LongVectors {base} | R Documentation |
Vectors of 2^31 or more elements were added in R 3.0.0.
Prior to R 3.0.0, all vectors in R were restricted to at most 2^31 - 1 elements and could be indexed by integer vectors.
Currently all atomic (raw, logical, integer, numeric, complex, character) vectors, lists and expressions can be much longer on 64-bit platforms: such vectors are referred to as ‘long vectors’ and have a slightly different internal structure. In theory they can contain up to 2^52 elements, but address space limits of current CPUs and OSes will be much smaller. Such objects will have a length that is expressed as a double, and can be indexed by double vectors.
Arrays (including matrices) can be based on long vectors provided each of their dimensions is at most 2^31 - 1: thus there are no 1-dimensional long arrays.
R code typically only needs minor changes to work with long vectors,
maybe only checking that as.integer
is not used unnecessarily
for e.g. lengths. However, compiled code typically needs quite
extensive changes. Note that the .C
and
.Fortran
interfaces do not accept long vectors, so
.Call
(or similar) has to be used.
Because of the storage requirements (a minimum of 64 bytes per character string), character vectors are only going to be usable if they have a small number of distinct elements, and even then factors will be more efficient (4 bytes per element rather than 8). So it is expected that most of the usage of long vectors will be integer vectors (including factors) and numeric vectors.

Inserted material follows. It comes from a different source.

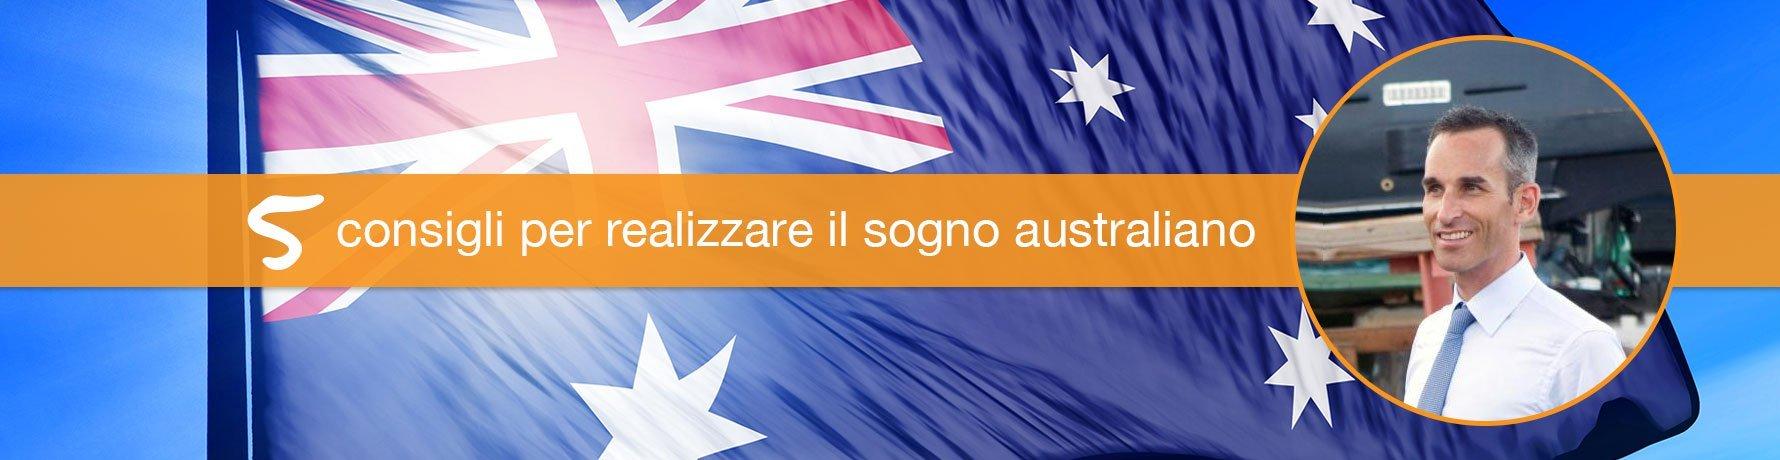 5 consigli per realizzare il sogno australiano, la sponsorship!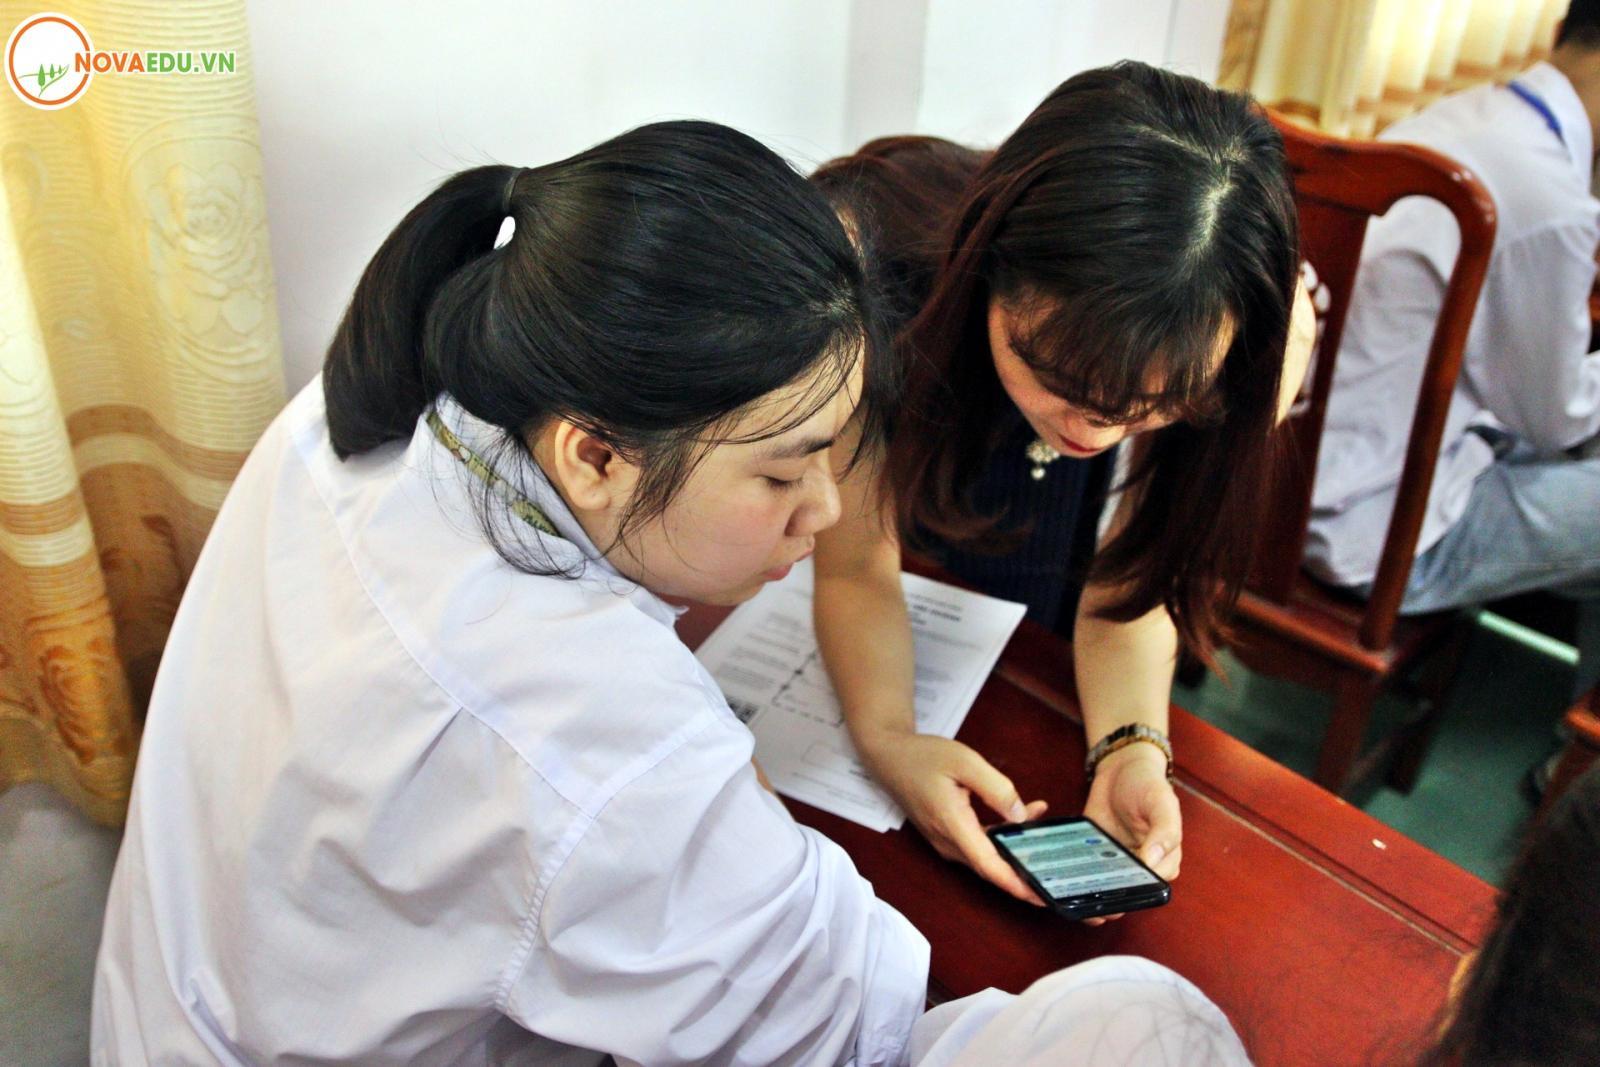 Các bạn học sinh được trực tiếp hướng dẫn sử dụng Hệ thống hướng nghiệp online Nova Eguide

It is now possible to use m x n matrices with more
than 2 billion elements. Whether matrix algebra (including
%*%
, crossprod
, svd
,
qr
, solve
and eigen
) will
actually work is somewhat implementation dependent, including the
Fortran compiler used and if an external BLAS or LAPACK is used.
An efficient parallel BLAS implementation will often be important to
obtain usable performance. For example on one particular platform
chol
on a 47,000 square matrix took about 5 hours with the
internal BLAS, 21 minutes using an optimized BLAS on one core, and 2
minutes using an optimized BLAS on 16 cores.